Aren't they still planning to continue on with Tron and Sorcerer's Apprentice? That was the latest word I'd heard on the subjects. I wouldn't mind seeing more of both. Sorcerer's Apprentice did seem like such an obvious attempt to jump on the Potter and Potter-wannabes bandwagon (despite that most if not all Potter wannabes have failed), but I still found it pretty enjoyable for something so contrived.

I realize they were not Blockbusters or Pirates-level successes, but Pirates-level is asking a lot. Of course, I think the big problem with trying to start a new franchise is that it is so obvious now. Pirates of the Caribbean's first film was like the first Star Wars. It was just a good movie all by itself, even if no sequels followed. These other films they are making, you can tell from the get-go they are made for the purpose of being a franchise, and that's an instant turn-off for a lot of people, I think. Not really talking about John Carter here, which I haven't had the chance to go see yet, but stuff like Sorcerer's Apprentice and all those other movies, like Percy Jackson, Golden Compass, Series of Unfortunate Events, Vampire's Assistant, and all sorts of even less notable ones. Some of these I actually enjoyed, but it's kind of a turn off to go into a film expecting to not be fully satisfied until you've seen the whole as yet unmade saga, which really might never get made (and almost never does).

Stuff like John Carter and Prince of Persia though, which is clearly more in the Pirates vein than the Potter vein, going into them I am not immediately thinking of franchise material (probably because I am not very familiar with the source material), but reading here I can see that everyone else immediately knew they were a franchise attempt.
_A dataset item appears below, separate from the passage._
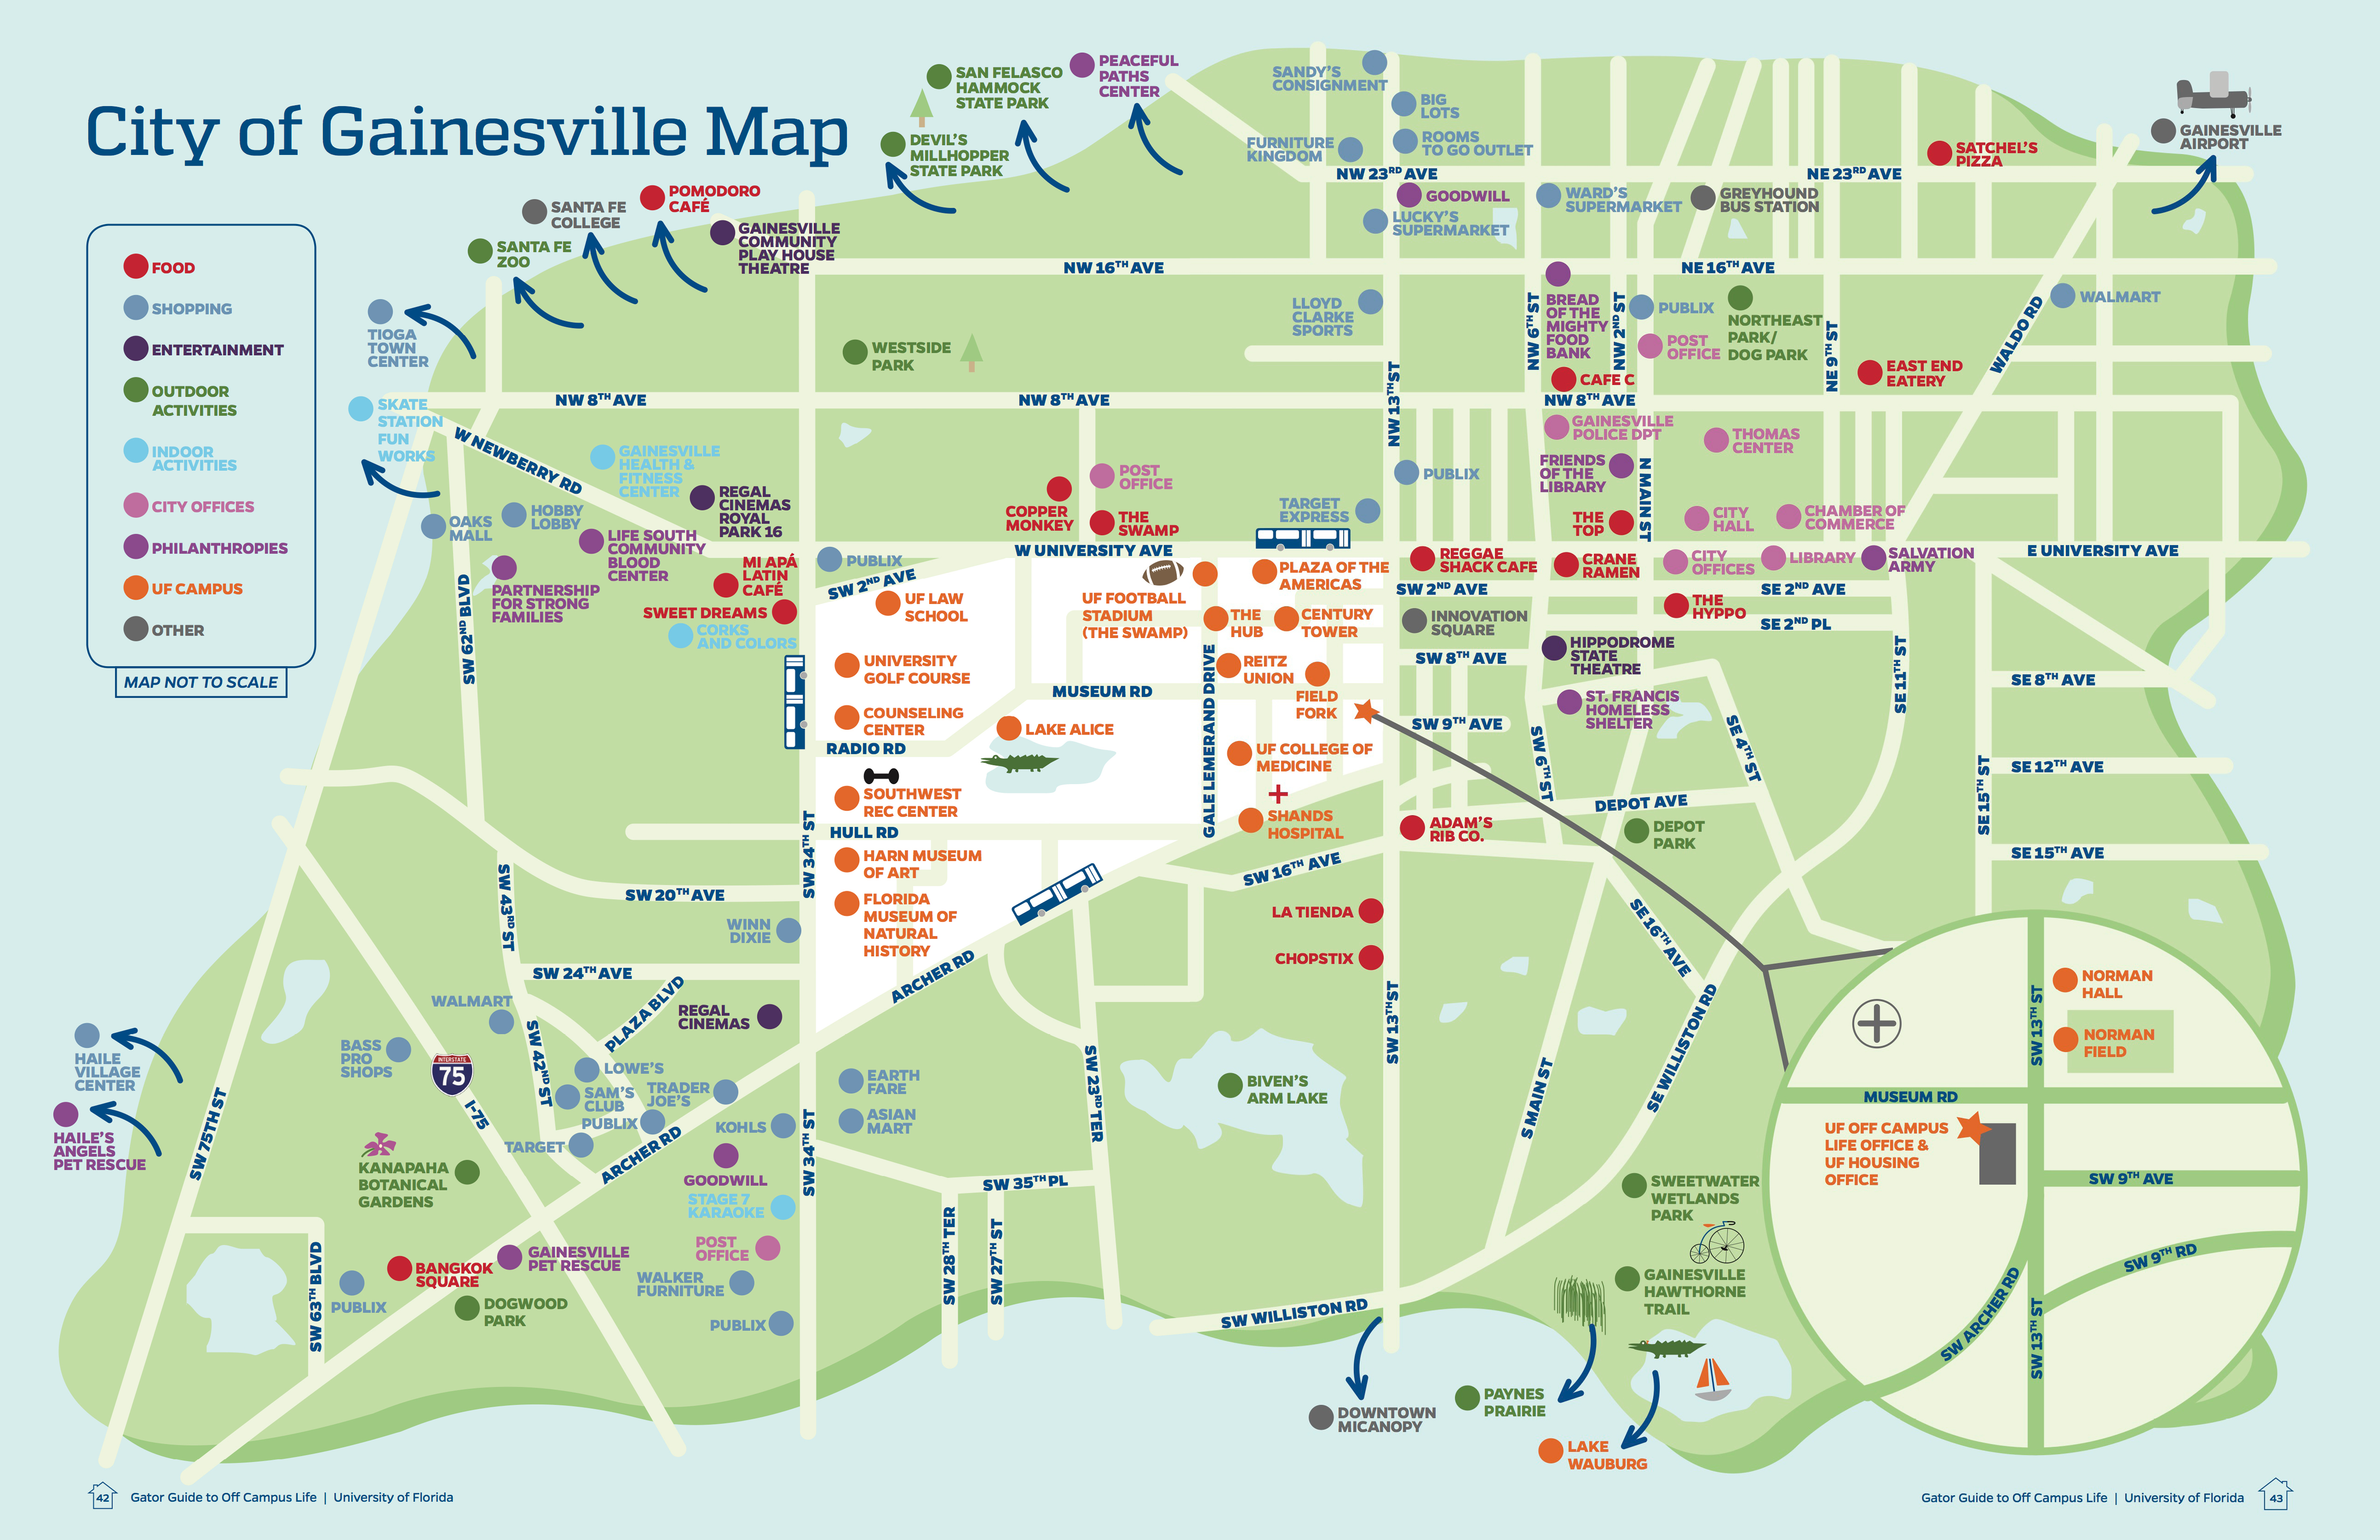 University Of Florida Map University of Florida Off Campus Life   christina singer

I suppose, in truth, these days all movies hope to be a franchise unless they are dramas, in which they just hope to win Oscars.

Anyway, myself, like I said, I haven't seen John Carter. I would say the reason people didn't rush out to see it is that this is an age of big, sci-fi/action blockbusters, so it just seems to the eyes of people who are unfamiliar with the source material to be just one more of many. The trailers for the film were rather unremarkable. The only reason I am interested personally is because it is a Disney film and because I know the tiniest bit about the source material (not really any of the stories, which I've never read, but I knew OF the John Carter stories). If this film were released in a time when people were hungry for some new sci-fi/action adventure stuff, it would probably have a better chance, if the trailers did more to set it apart from the other action/effects extravaganzas being released all the time.

As for Prince of Persia, I saw that one in theaters and I really loved it. I knew nothing about the source material at the time, but someone told me it was a video game. I haven't purchased it yet, but I look forward to doing so.